*** DATA ***
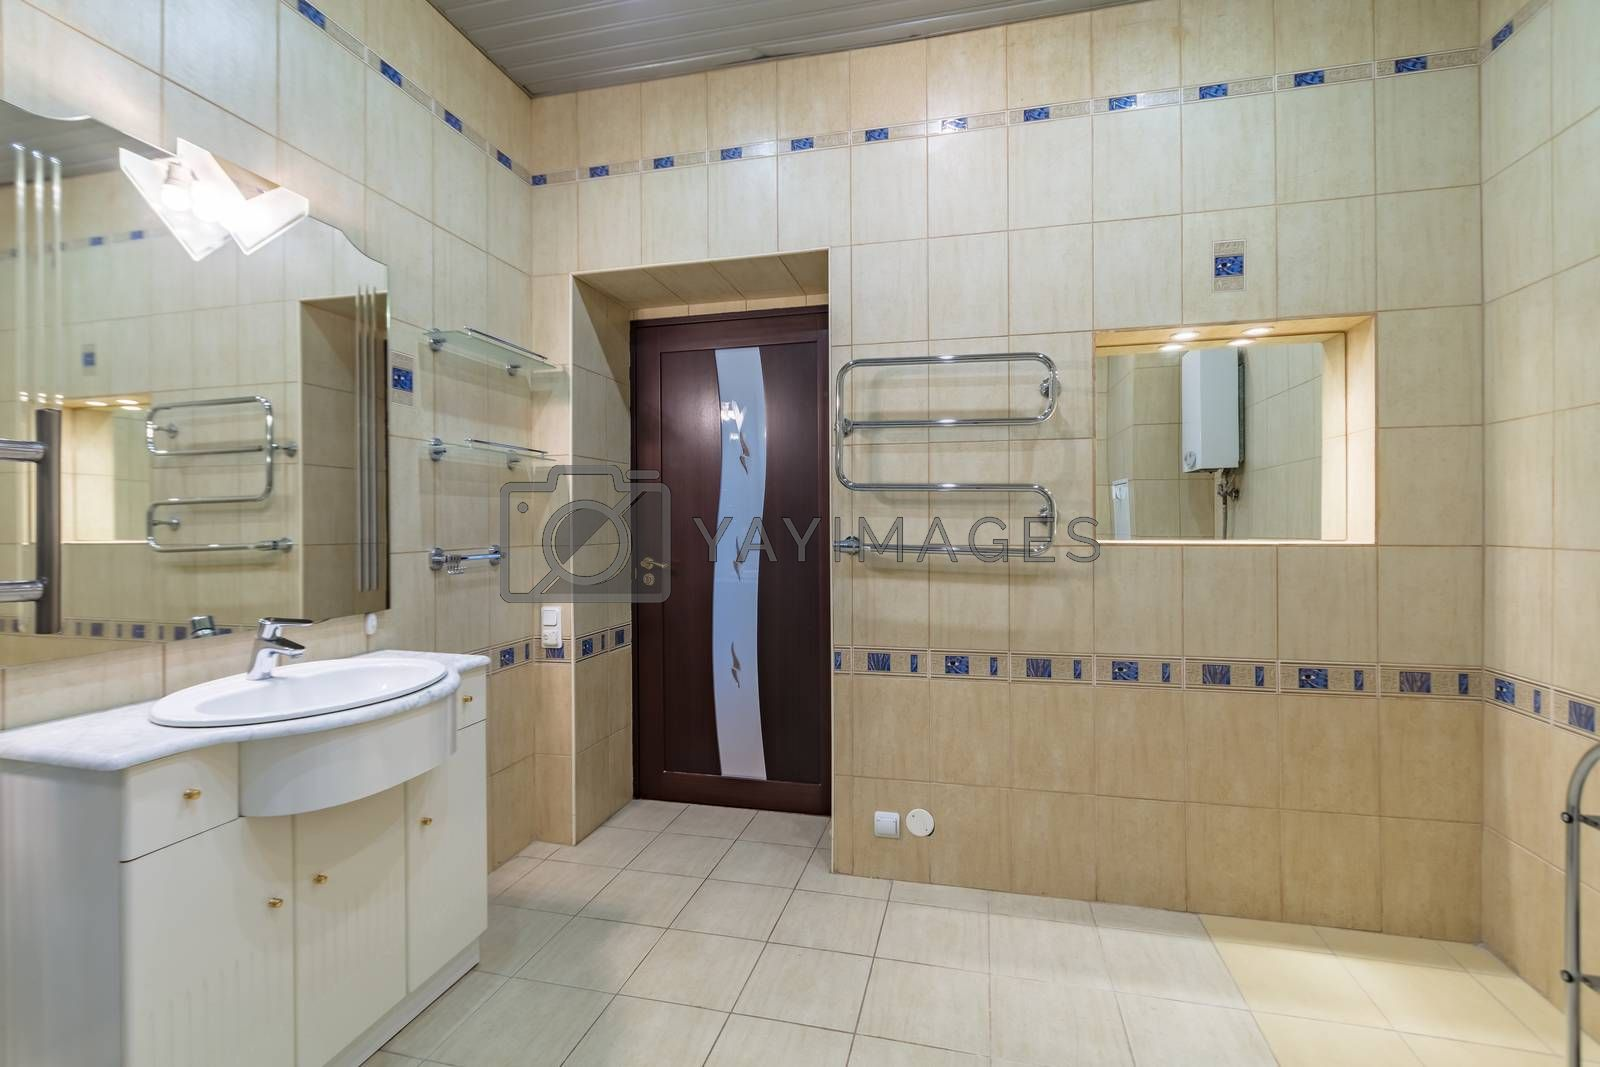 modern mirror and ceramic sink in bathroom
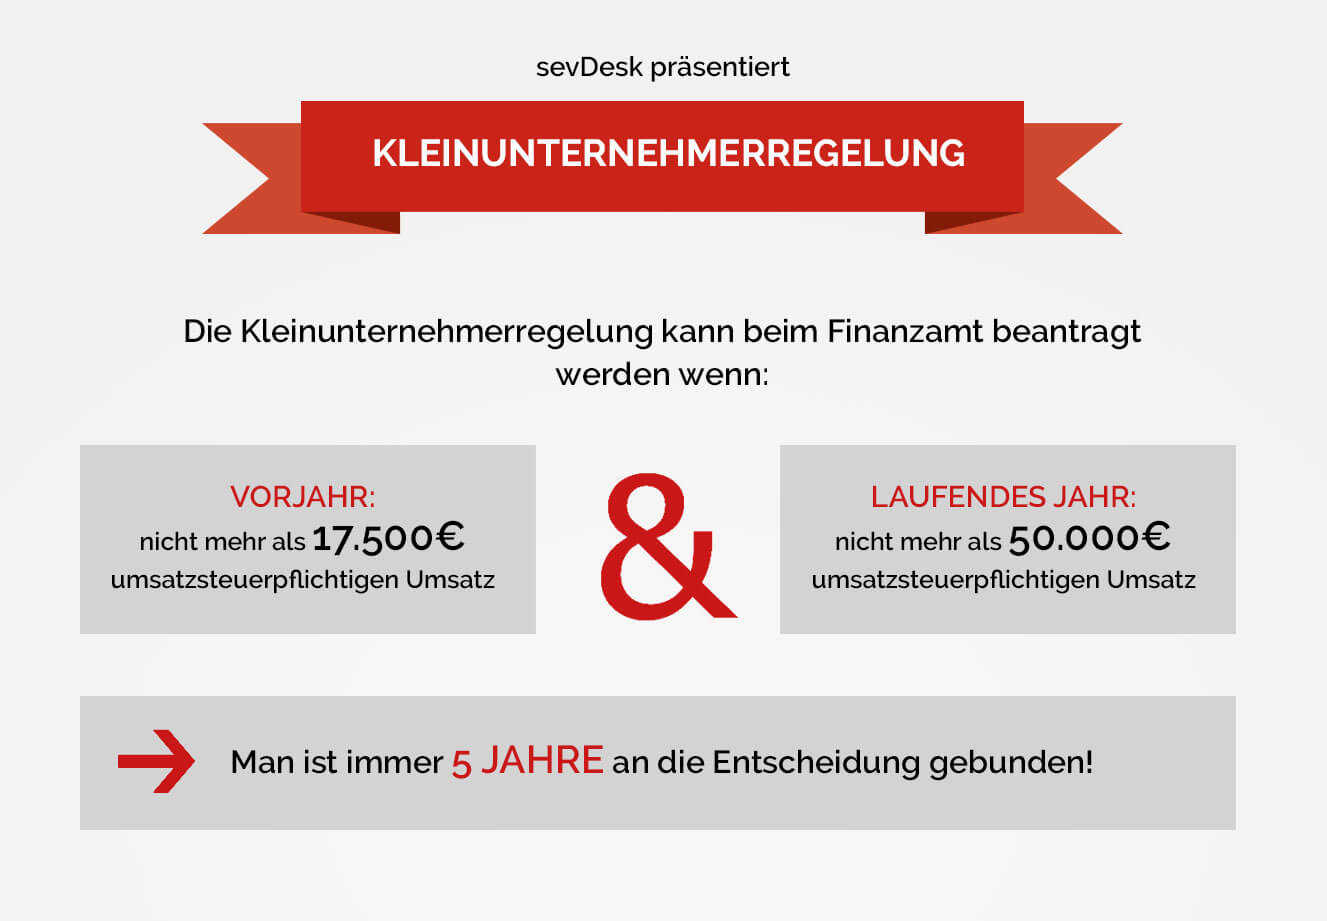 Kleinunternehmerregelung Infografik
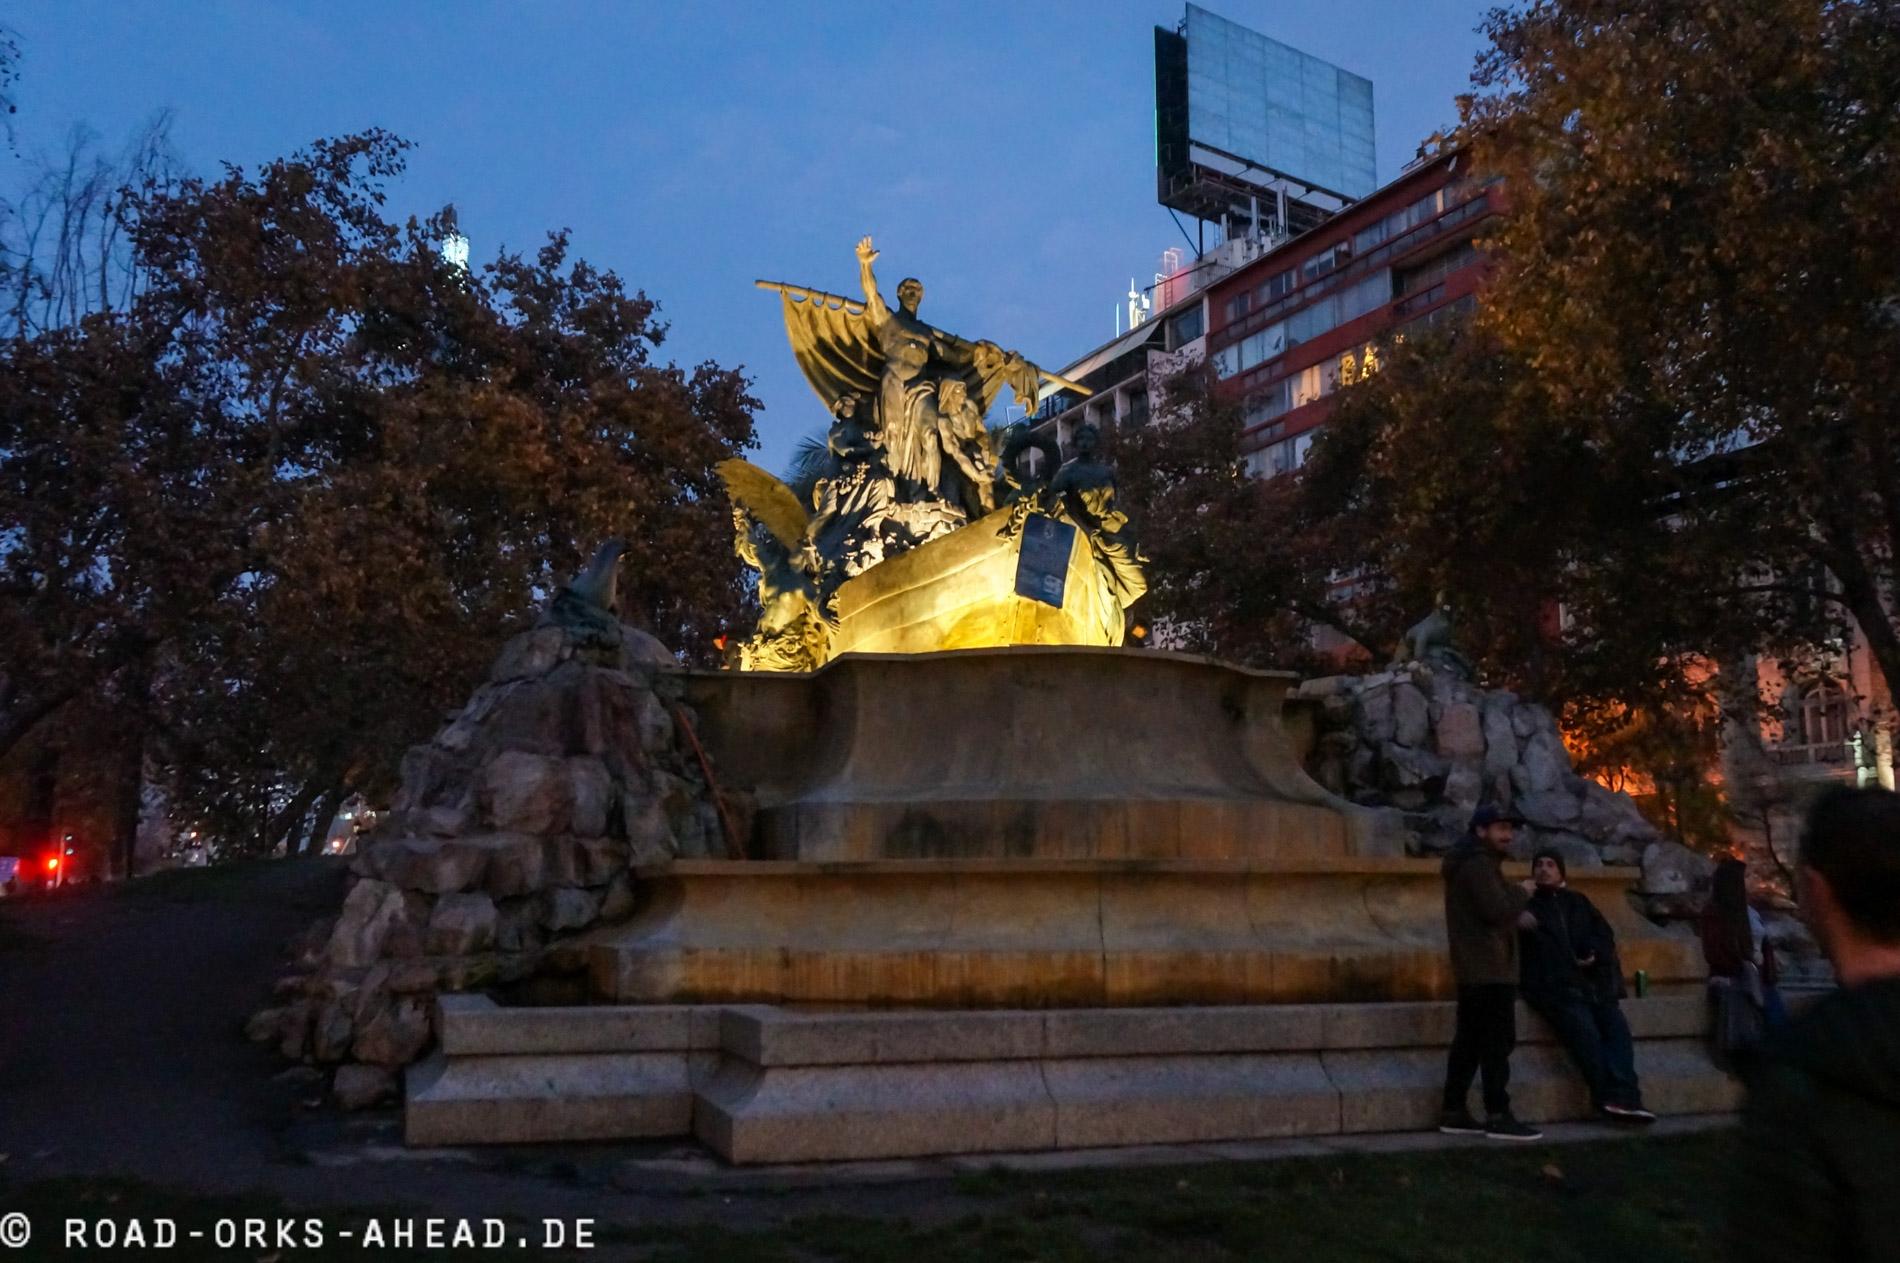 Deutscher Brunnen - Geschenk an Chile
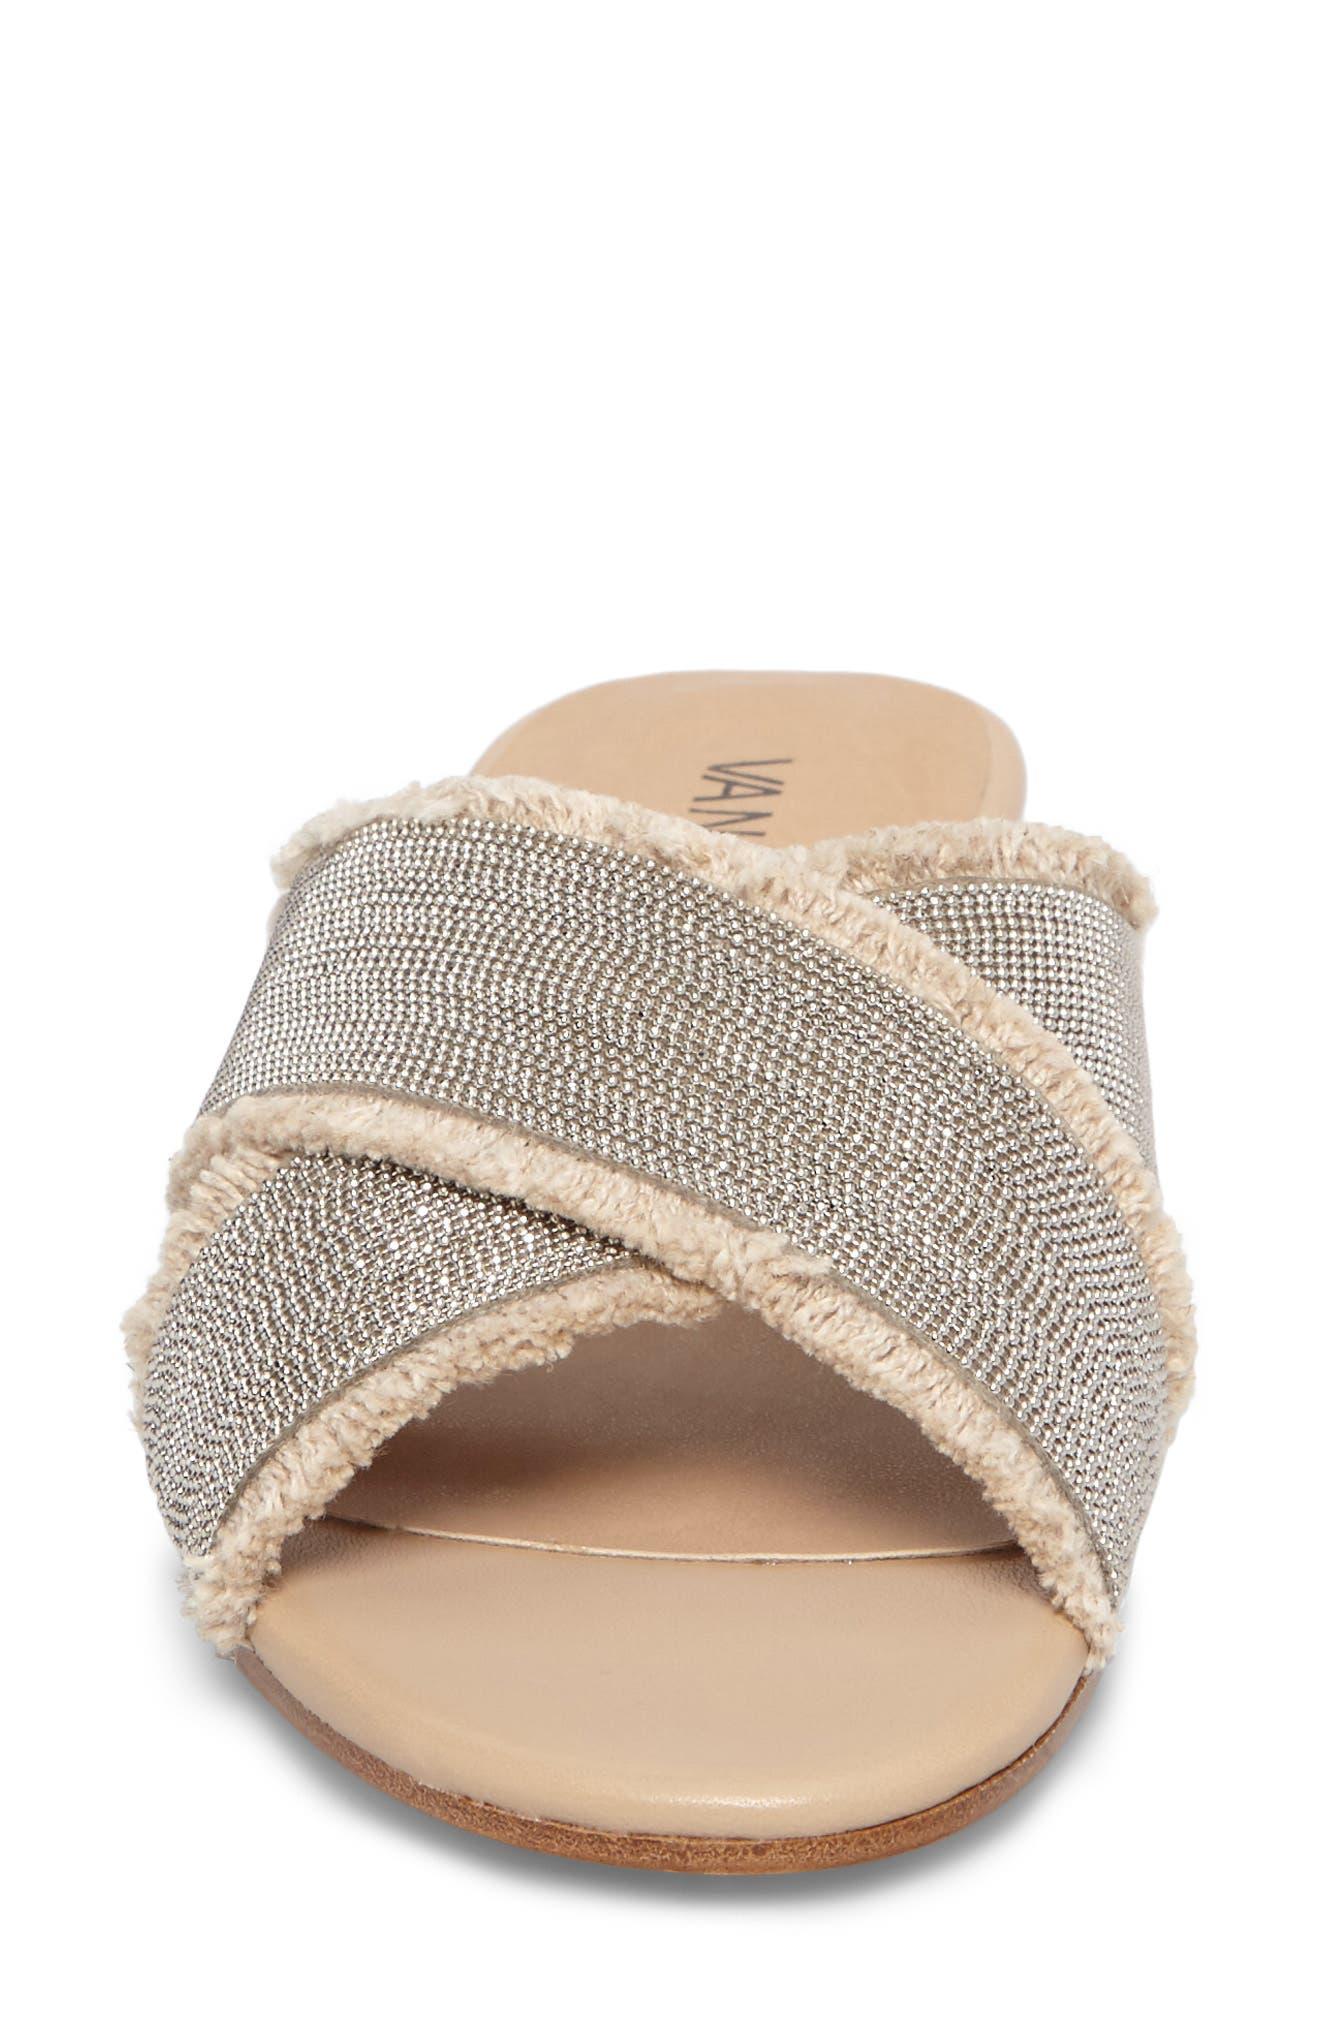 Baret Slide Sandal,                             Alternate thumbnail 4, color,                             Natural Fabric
*** End of DATA ***
#### [WHAT YOU WILL DO]
Word for word, restate every line of the listing, omitting the pictures.

#### [RESULT OF THE TASK]
 modern mirror and ceramic sink in bathroom
 Kleinunternehmerregelung Infografik
 Deutscher Brunnen - Geschenk an Chile
 Baret Slide Sandal,                             Alternate thumbnail 4, color,                             Natural Fabric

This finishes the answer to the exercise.